Вот же умудрился нагадить ей Грай! Не мелочась напакостил, по-родственному… Миль, хотя и чувствовала, что вполне цела и невредима — если не считать зажившего ожога на плече — всё-таки то и дело ловила себя на ощущении, что вот что-то с окружающим не так. То есть с ней самой тоже не всё было совсем хорошо, но эти нюансы она списывала на симптомы болезни. Или это только всё кажется? Но ведь не может казаться — всё? Или может?…
Чтобы не свихнуться, она запретила себе пока обо всём этом думать. Как говаривала бабуля? Живи, а там посмотрим… Кроме того — не одни же неприятности вокруг, имеются и очень даже приятности… Вот этот белобрысый, например. Который ответил на её призыв. Иностранец, конечно. По-русски — ни-ни. Как и его приятель. Но зато… Миль отдавала себе отчёт, что по всем признакам — влюблена. Да к тому же, похоже, взаимно… И с каждым часом состояние это явно усугубляется.
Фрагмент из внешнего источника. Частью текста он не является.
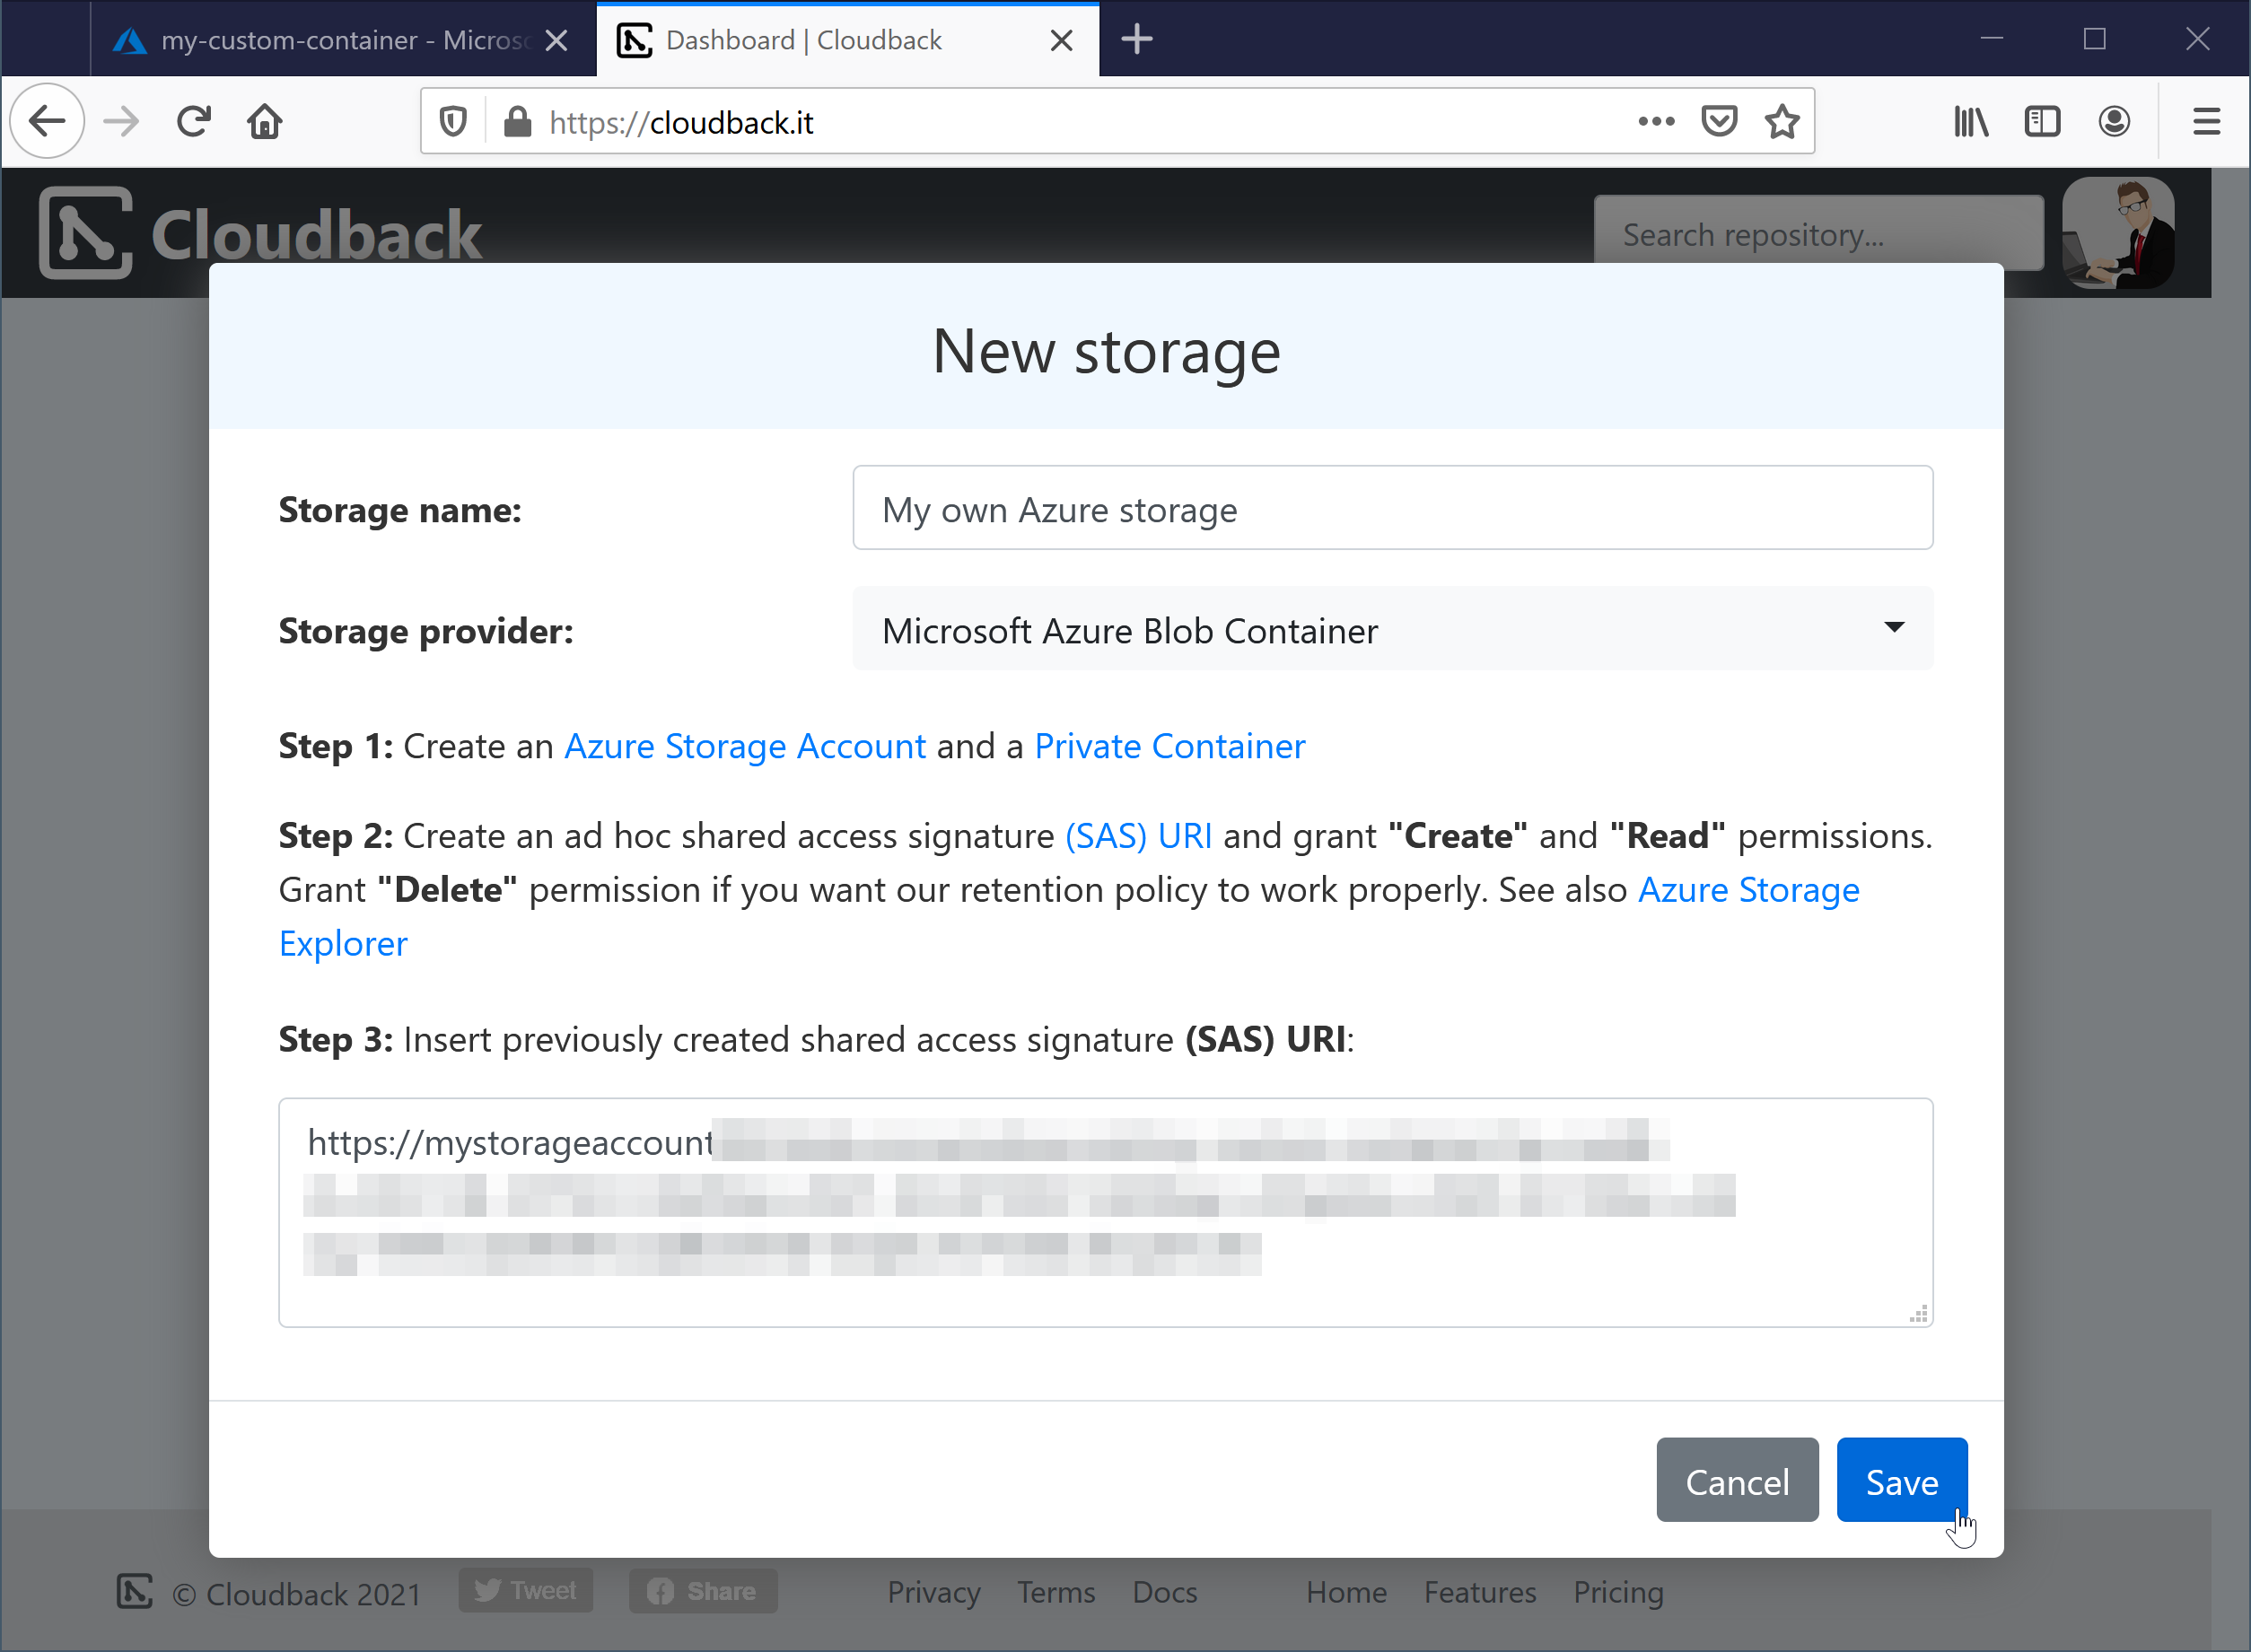 new storage details to backup GitHub repository

А почему бы и нет? Она практически взрослая… Кольца на его сильно загорелых пальцах не наблюдалось — и даже следа в виде незагорелой полоски нет, значит, ничего он не снимал и не притворяется. Вот только…
Вот только как знать, что за законы действуют здесь — очень похоже, что находится она на территории чужого государства. А какого — понять не удаётся. Речь ни с каким знакомым языком не идентифицируется. Не английский это, не французский и не немецкий… Как и ни один другой, который Миль могла бы опознать. Она который день старательно прислушивалась к тому, как её гостеприимные хозяева общаются между собой, и порой почти понимала некоторые слова или даже выражения… Ну, как понимала — догадывалась, улавливала смысл, узнавала при повторах… И уже знала, как называется тот напиток в чашке, который они варят по утрам, а как — тот, что они подают в обед… Как сама чашка именуется, тоже уже запомнила. Знала, что белобрысый в шрамах, который так близок её душе — это Бен, а его черноволосый и синеглазый, мрачный приятель — Джей. Или как-то вроде, потому что звучит это мягко, скорее как Дьжжеей… А Бен — с придыханием после «б», как «Бхэнн»… Хотя ей эти тонкости произношения всё равно без надобности.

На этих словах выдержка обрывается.